程序可以把系统里的命令封装起来，程序变成进程之后把命令跑起来。

替换原理

用fork创建子进程后执行的是和父进程相同的程序(但有可能执行不同的代码分支),

子进程往往要调用一种exec函数以执行另一个程序。

当进程调用一种exec函数时,该进程的用户空间代码和数据完全被新程序替换,从新程序的启动例程开始执行。

调用exec并不创建新进程,所以调用exec前后该进程的id并未改变。

代码运行起来就是我们系统当中的一个进程，

创建新进程总会创建一个进程的PCB(task_struct)，地址空间，页表等，

要把代码、数据加载到内存里，通过页表映射内存，

然后CPU根据PCB找到虚拟地址、页表映射代码和数据并执行。

以ls为例，ls用execl加载进内存，

直接把ls的代码替换原来的代码，

ls的数据直接替换原来的数据。（没有创建新进程！
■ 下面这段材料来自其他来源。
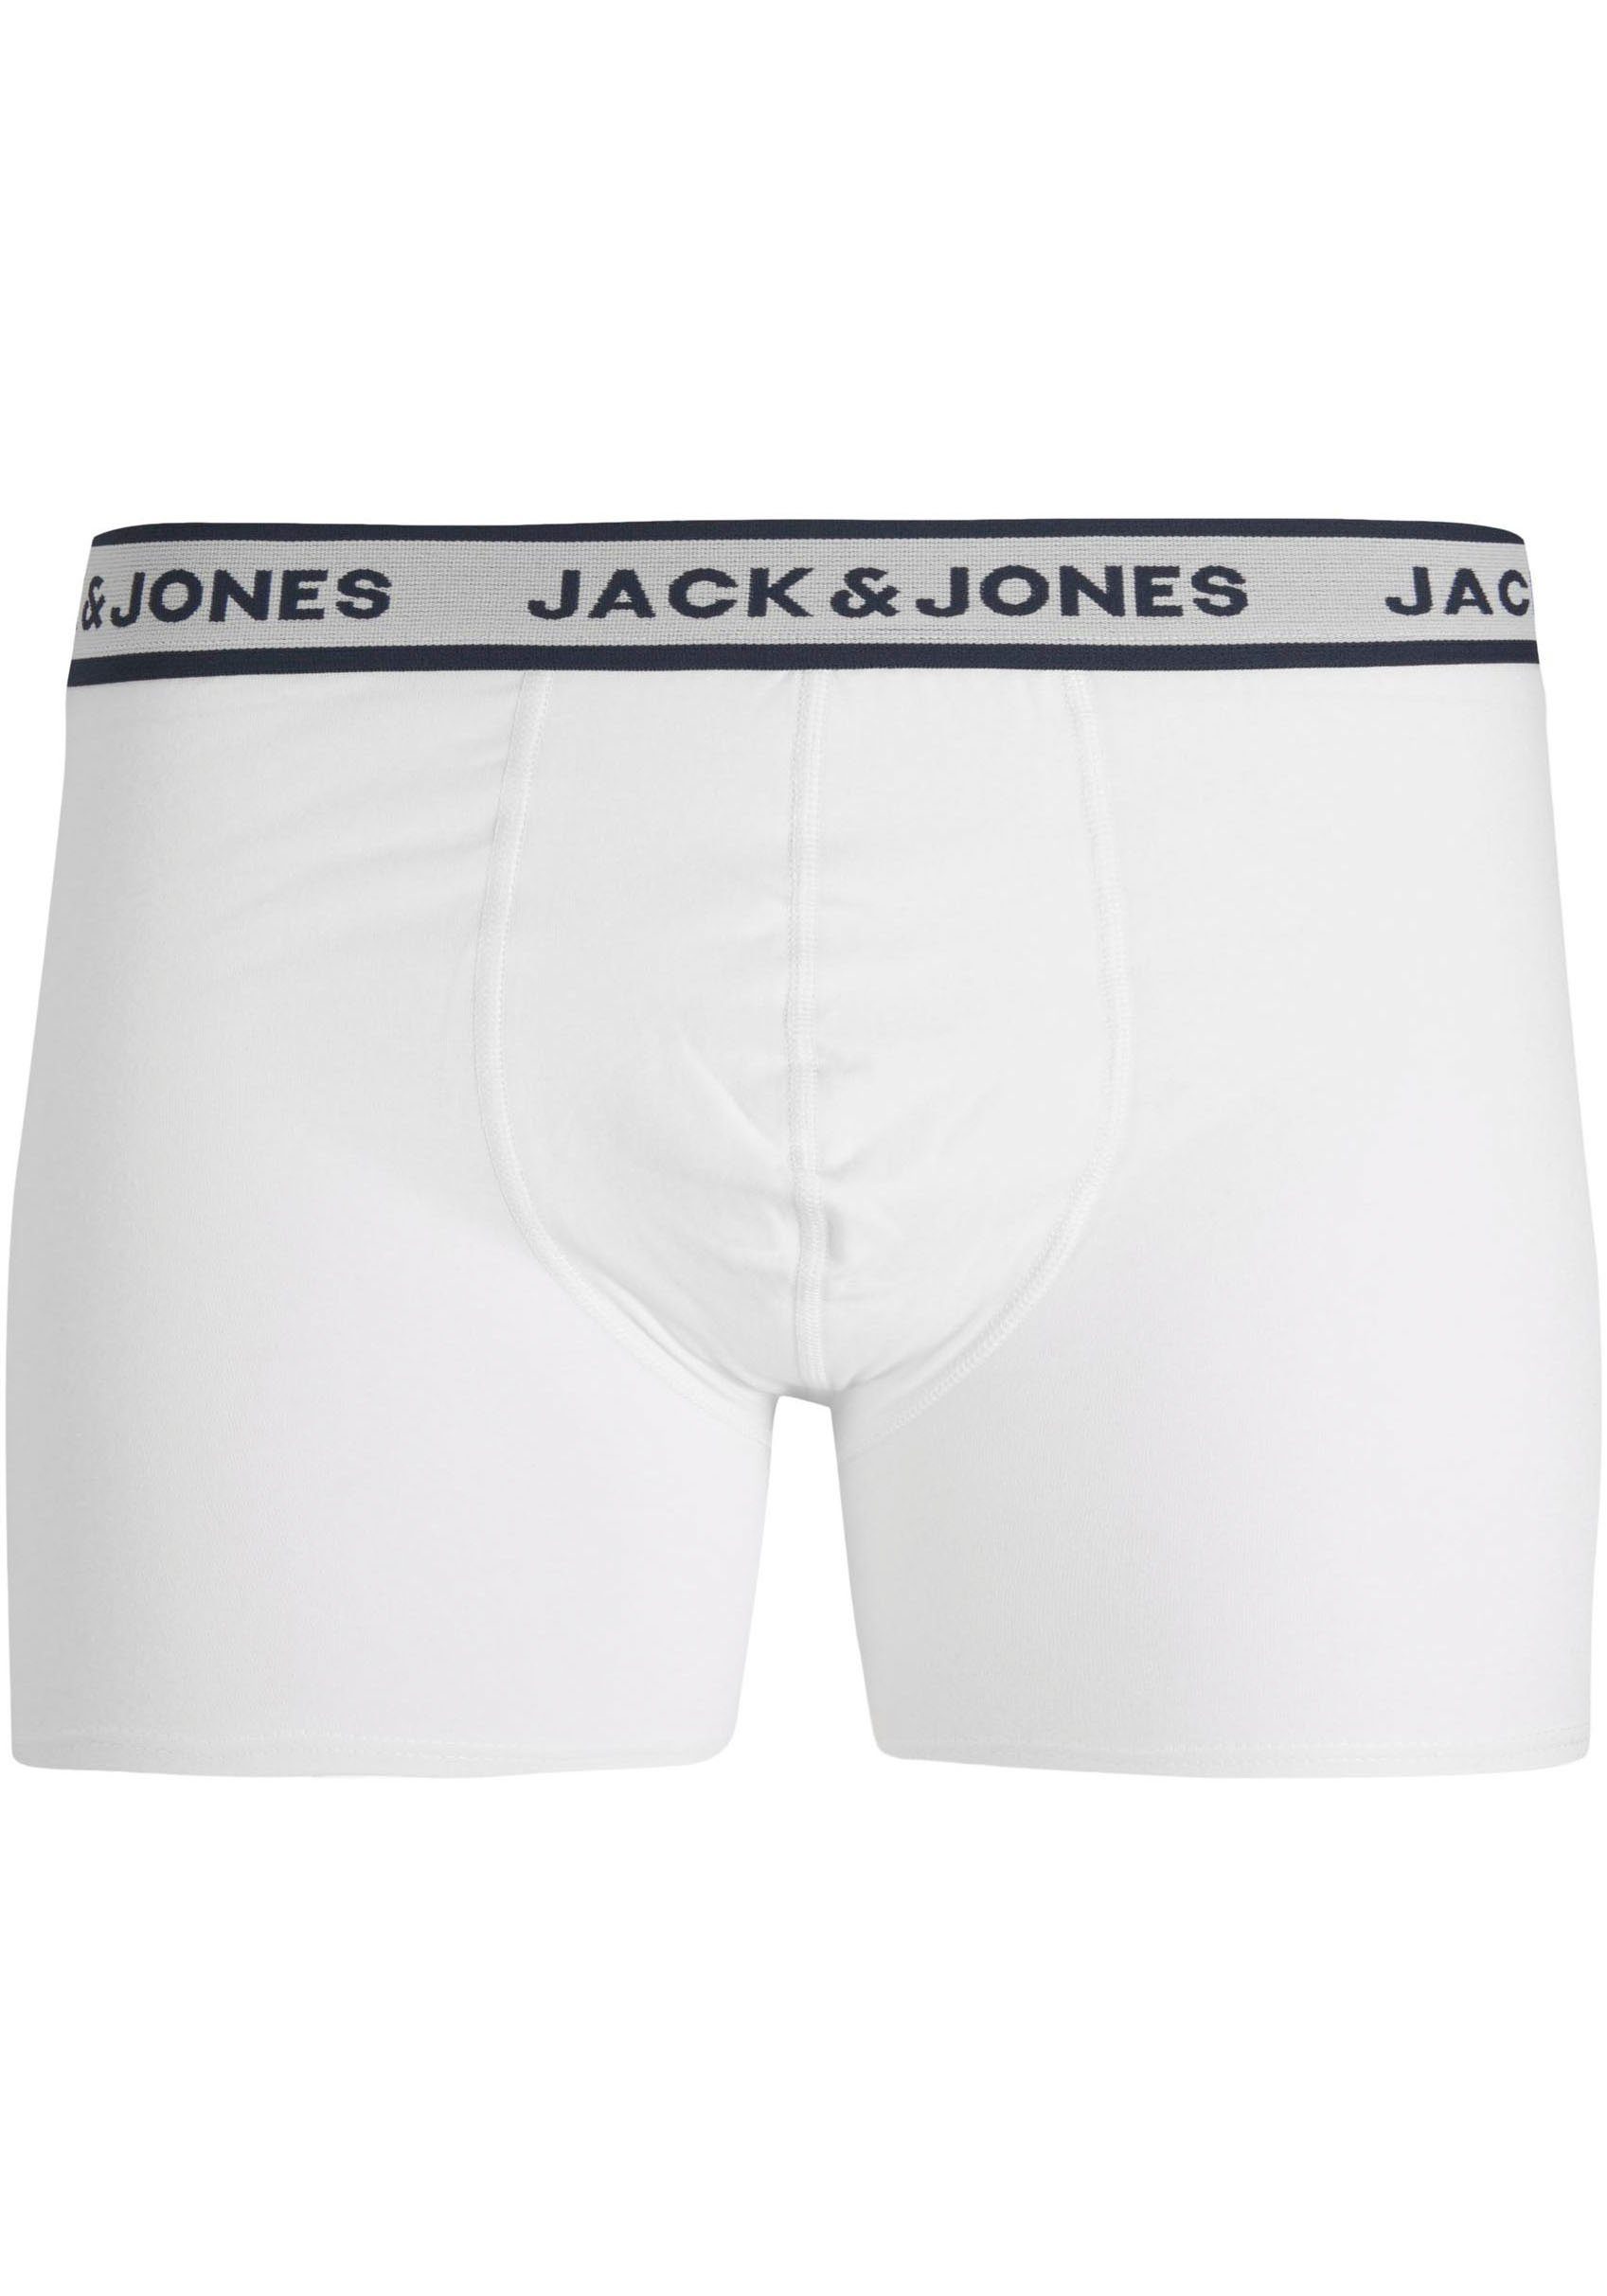 Jack & Jones Boxershorts JACSOLID Grey BRIEFS Melange 3-St) PACK 3 Light BOXER NOOS (Packung

）

（如果ls代码数据加载到内存了，小了就新增空间，大了就释放空间）

把页表的右侧的映射地址改变一下（收缩一下）。

新加载的程序从main函数重新运行（从0开始执行）。

–程序替换！

多进程版程序替换

#include <stdio.h>
#include <unistd.h>
#include <stdlib.h>
#include <sys/wait.h>
#include <sys/types.h>
int main()
{
    pid_t id=fork();
    if(id==0)
    {
        printf("before,I am a process,pid:%d,ppid:%d\n",getpid(),getppid());
        sleep(5);
        //这类方法的标准写法 
        execl("/usr/bin/ls","ls","-a","-l",NULL);//必须以NULL结尾
        printf("After,I am a process,pid:%d,ppid:%d\n",getpid(),getppid());
        exit(0);        
    }                   
    pid_t ret=waitpid(id,NULL,0);
    if(ret>0)                                                                         
    {                                                                                 
        printf("wait successfully,father pid:%d,ret:%d\n",getpid(),ret);              
    }
    sleep(5);
    return 0;
}

在子进程sleep(5)的时候，父进程阻塞等待子进程退出。

子进程在调用execl时，不会影响父进程。

原因：发生了写时拷贝，进程之间是相互独立的。

没有调用execl的时候，子进程只指向父进程的代码和数据，

当子进程执行execl时，ls代码数据替换进来的时候，

发生写时拷贝，不管是代码还是数据都有写时拷贝。

代码不一定是不可被写入的，用户直接写，操作系统会拦截崩溃，

但是execl是让操作系统写。

程序替换没有创建新进程，只进行代码和数据的程序替换。

父子进程的pid一直都没有变。

子进程结束前是2254，结束后还是2254。

所以，task_struct,mm_struct是没有被释放或者重新建立的。（字段可能会稍微修改）

替换函数

其实有六种以exec开头的函数,统称exec函数:

int execve(const char *path, char *const argv[], char *const envp[]);

函数解释

after及之后的代码没有被执行，

原因：after及后面代码是在execl程序替换之后的，

原来的代码会被替换，所以，after及后面代码被ls的代码替换了，

所以后续代码不会被执行。

程序替换成功之后，exec* 后续的代码不会被执行。

程序替换失败了，才可能执行后续代码。

这些函数如果调用成功则加载新的程序从启动代码开始执行,不再返回。

如果调用出错则返回-1

所以exec* 函数只有失败的返回值而没有成功的返回值。

小知识

CPU如何得知程序的入口地址？

Linux中形成的可执行程序，是由格式（ELF）的，可执行程序的表头，可执行程序的入口地址就在表头！！！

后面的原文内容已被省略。